This is a deep dive into an interview question that explores several solutions, how you might get from one solution to another, and how you might weigh up which solution is right in which circumstance.
To provide some background about how this article came about, every week cassidoo puts out a newsletter that has some great content in it. A regular feature that I enjoy is the interview question (btw, a place that hits you with a weird question like this in your interview is maybe not interviewing in the best way, but its still pretty common and the idea of an 'interview question' makes sense to folks familiar with it so we're probably stuck with the concept for some time to come).

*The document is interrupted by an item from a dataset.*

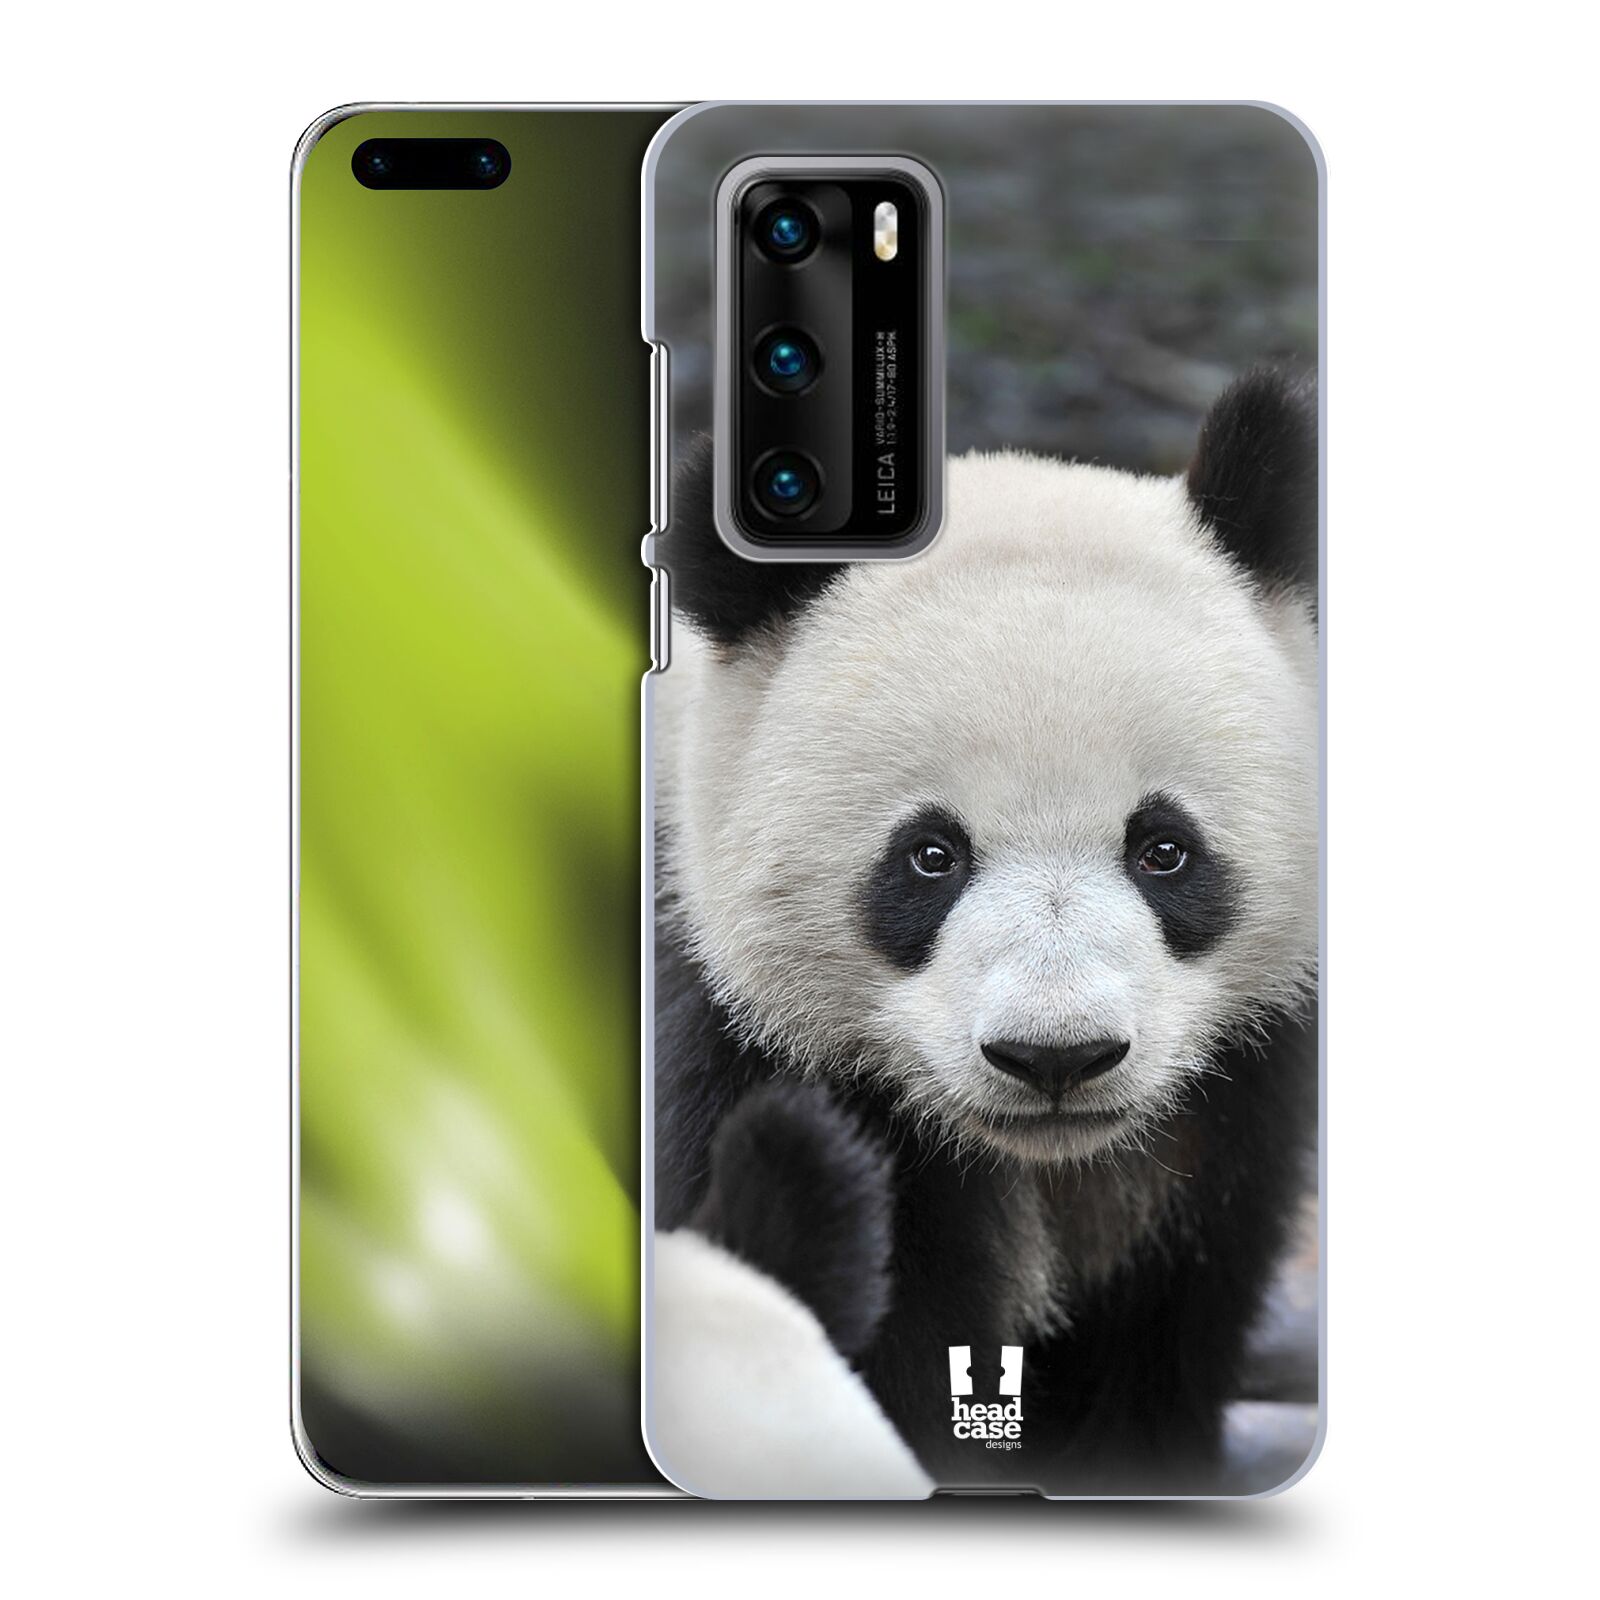 Zadní obal pro mobil Huawei P40 - HEAD CASE - Svět zvířat medvěd panda

I use these little problems to practice a language I'm trying to learn, which at the moment is Scala3 (previously known as dotty, a language that is still a work in progress to some extent and whose tooling is not fully developed). In my code snippets in this article, I've tried to avoid using confusing idioms and syntax, so even if you're not familiar with Scala, you can probably still get the gist.
This week the question was
Given a positive integer n, write a function that finds the number of zeros at the end of n! in base 10.
I'm going to talk about 4 different solutions to this (well, 6 really), 3 that make sense in different contexts, and a fourth that is basically silly, but which was the reason I decided to write this all out.
Version 0
This version is correct and straightforward.
def factorial(n: Int): BigInt =
(1 to n).foldLeft(BigInt(1))((a, b) => a * b)
def numberTrailingZeros(str: String): Int =
str.split("[1-9]").last.length
def numberTrailingZerosOfFactorial0(n: Int): Int =
numberTrailingZeros(factorial(n).toString)
We create a function to calculate the factorial, another to split off and count the zeros at the end of a string of digits, and apply the functions in that order, using a conversion to string so the types are right.
Notice that factorial
maps from an Int to a BigInt. Scala has 3 integer types, Int, Long and BigInt. factorial(20)
is the largest factorial you can represent using Long, so we should use the theoretically limitless BigInt. This brings up the next point.
Factorial values get really huge really fast. Calculating them gets very computationally intense. And all we want is the number of zeros at the end. Is there a way to skip the calculation of the factorial, and still work out how many zeros there are?
Version 1
You can do a little analysis of the question before you dive in to try and answer it. Firstly, the number of zeros at the end of a base 10 number is the number of times 10 can divide the number without remainder, so you could skip the string conversion, and test how many times you can divide the factorial by 10, which is a slight improvement, but there's more to discover.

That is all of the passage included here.